▶ **BRIEF**: Restate the listing word for word; omit the images.

▶ **DATASET CONTENT**:
+--
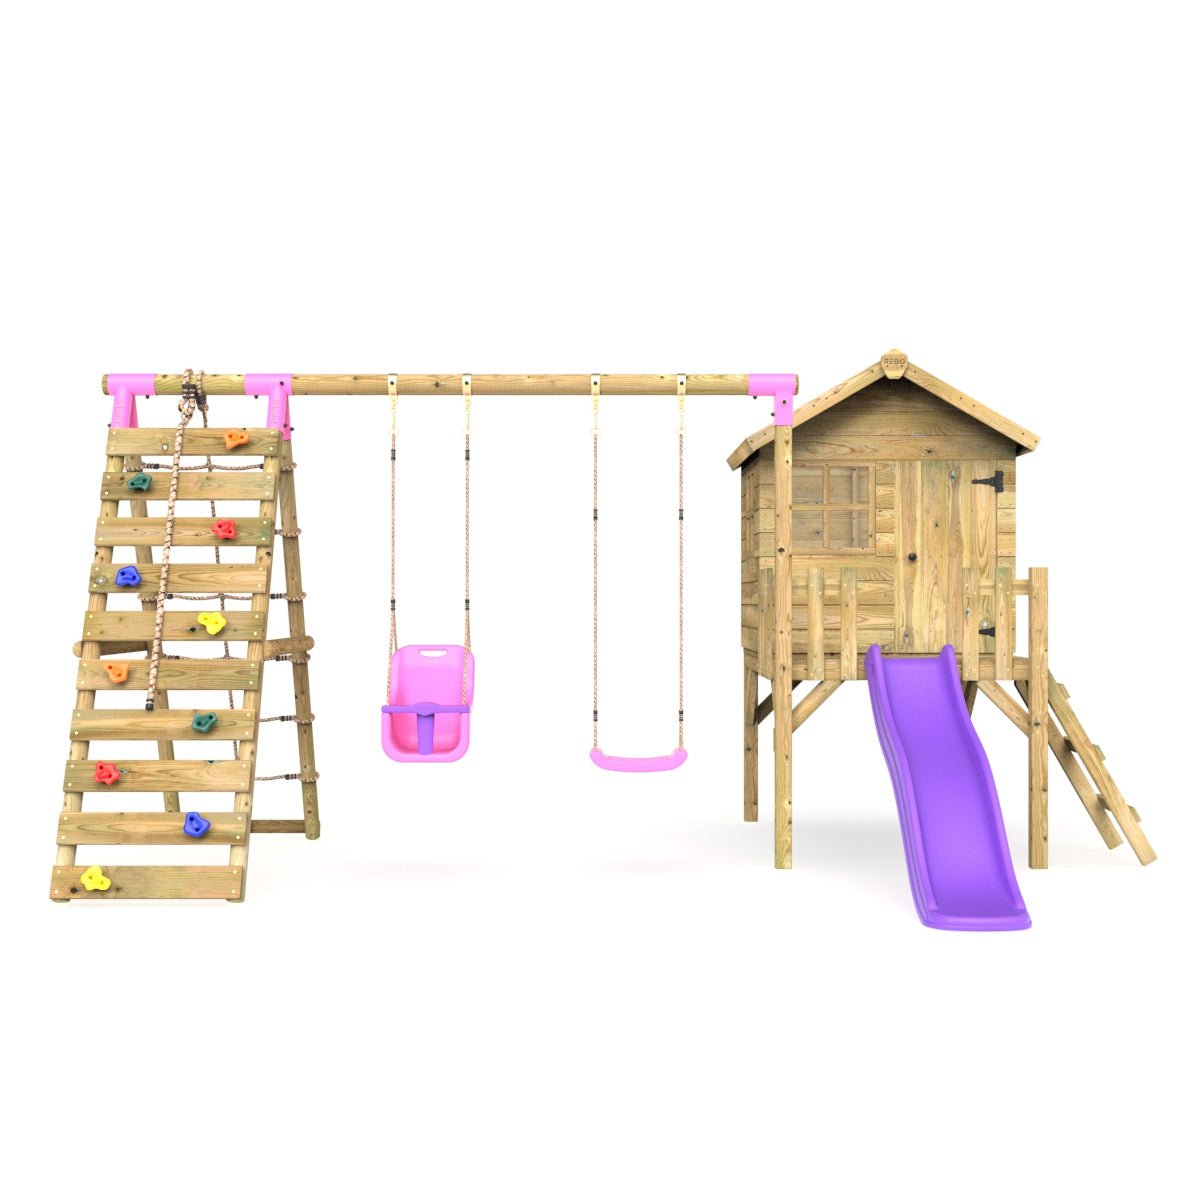 Rebo Orchard 4FT Wooden Playhouse + Swings, Rock Wall, Deck & 6FT Slide – Luna Purple
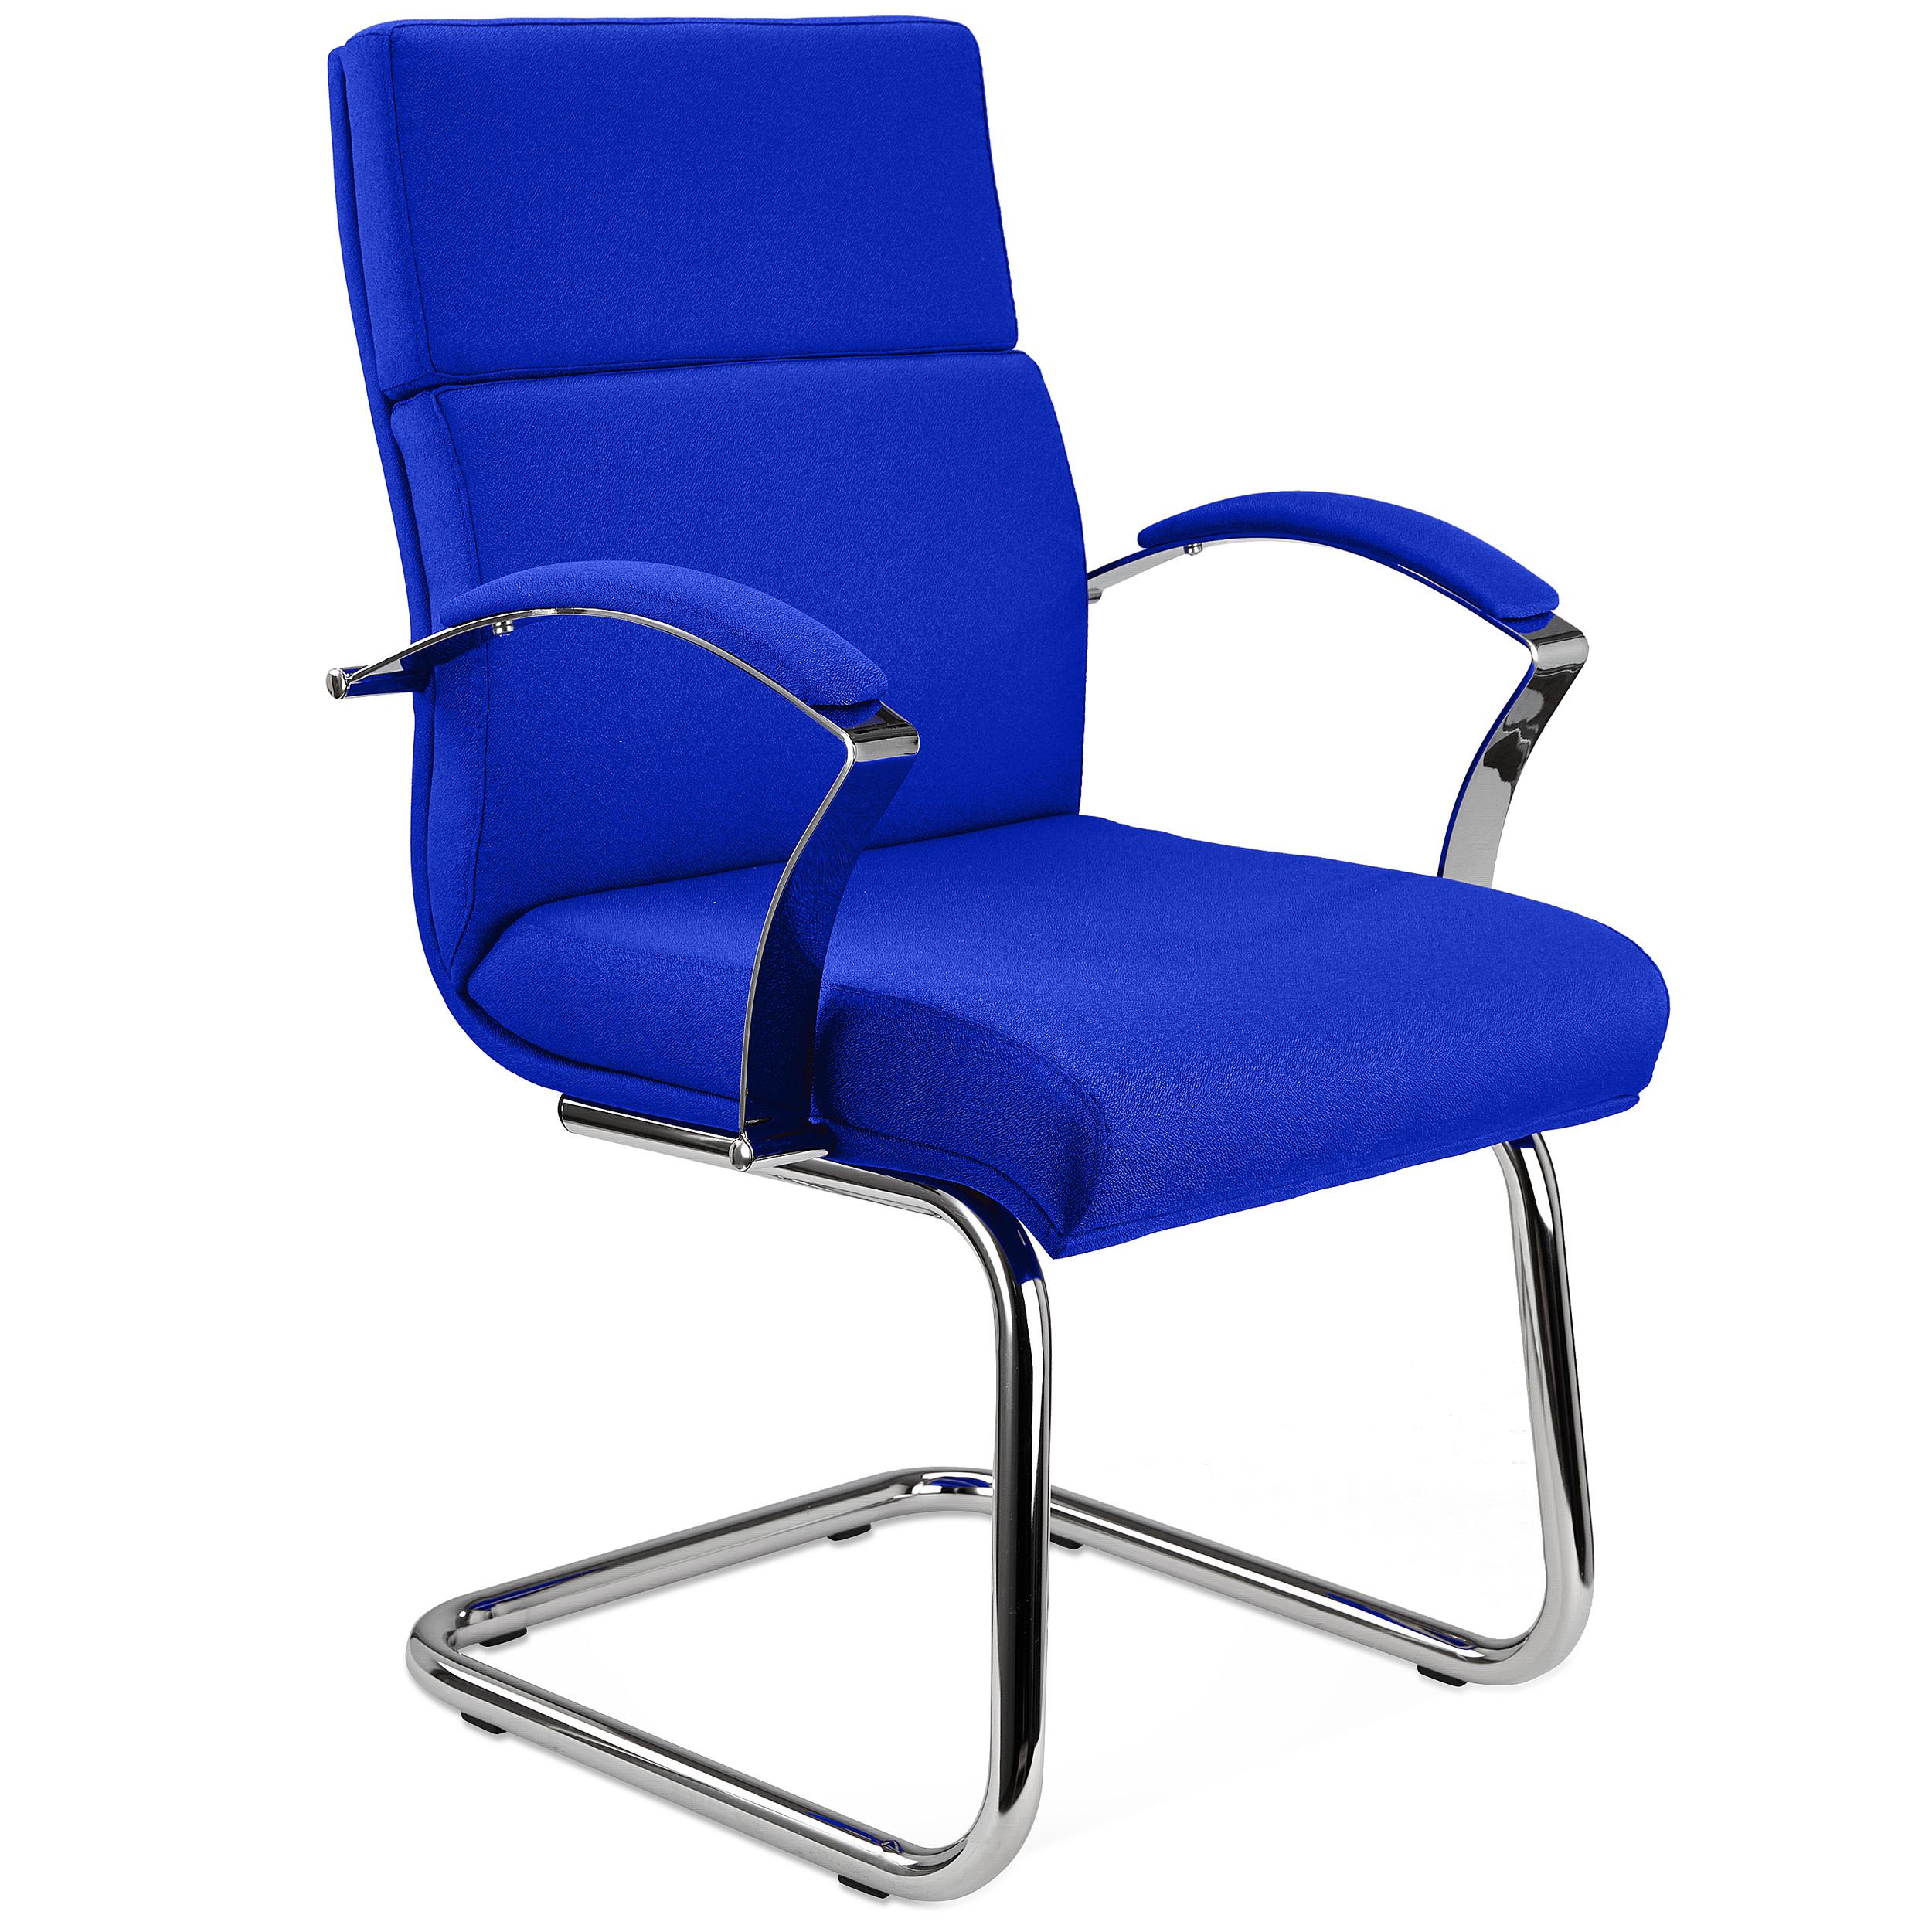 Chaise visiteur RABAT TISSU, Grande Qualité et Design, couleur Bleu
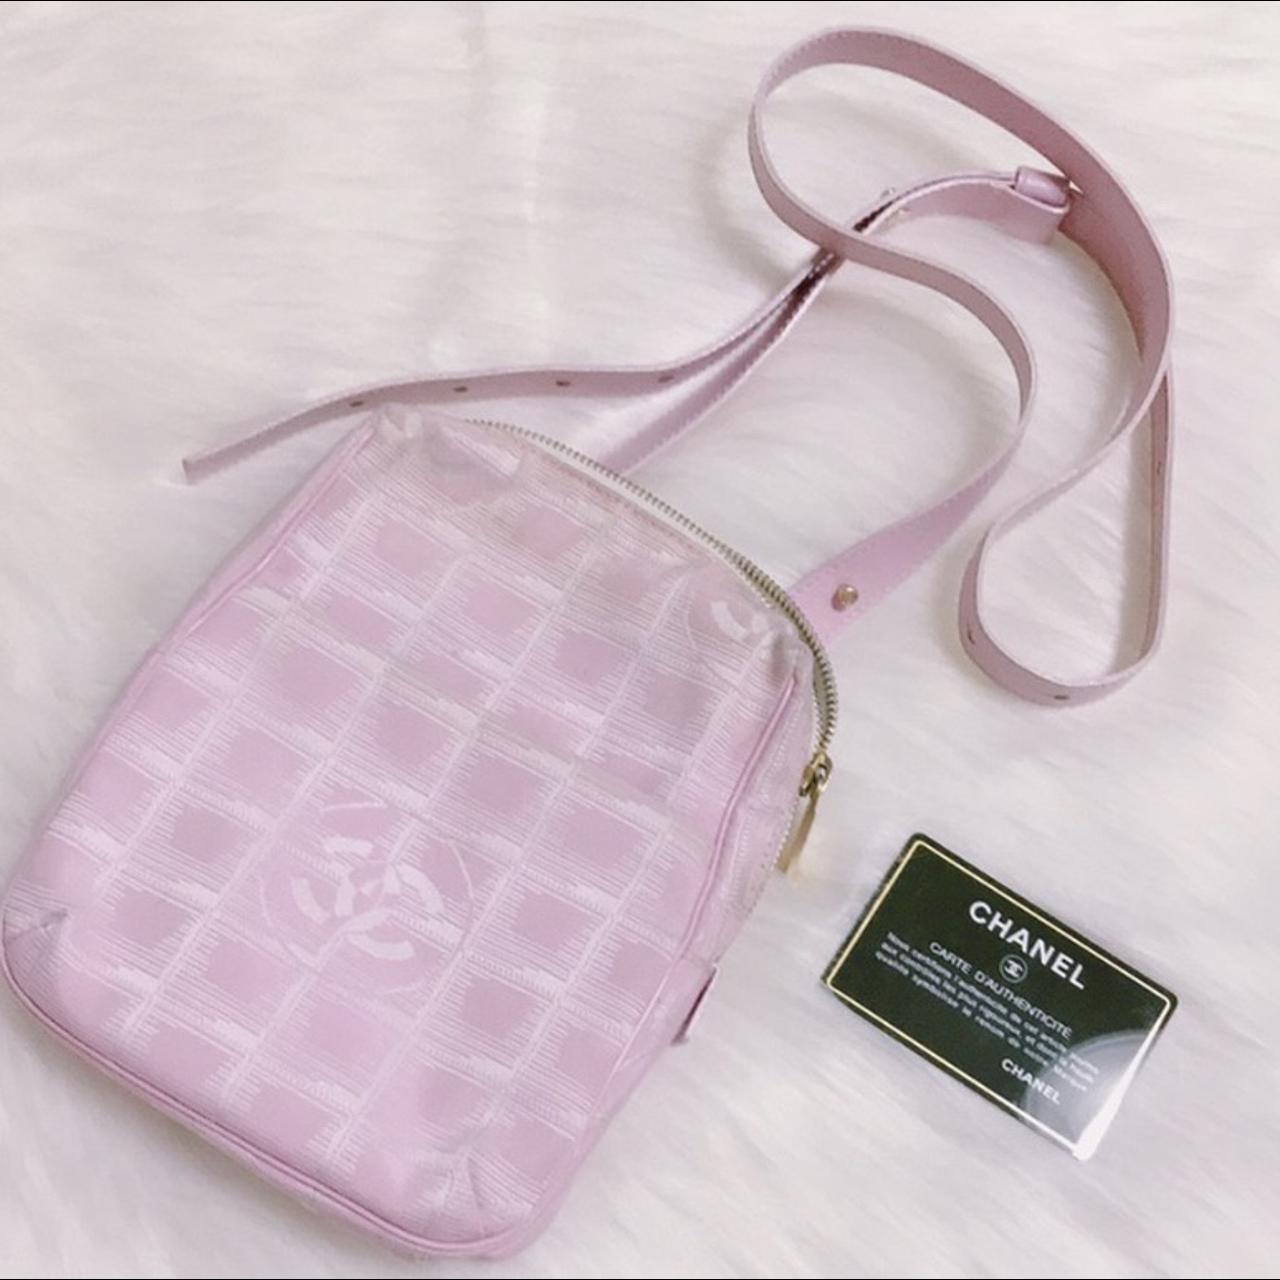 2003-2004 vintage chanel pink cc travel line shoulder bag
+--
▶ **ANSWER BELOW**:
 Rebo Orchard 4FT Wooden Playhouse + Swings, Rock Wall, Deck & 6FT Slide – Luna Purple
 Chaise visiteur RABAT TISSU, Grande Qualité et Design, couleur Bleu
 2003-2004 vintage chanel pink cc travel line shoulder bag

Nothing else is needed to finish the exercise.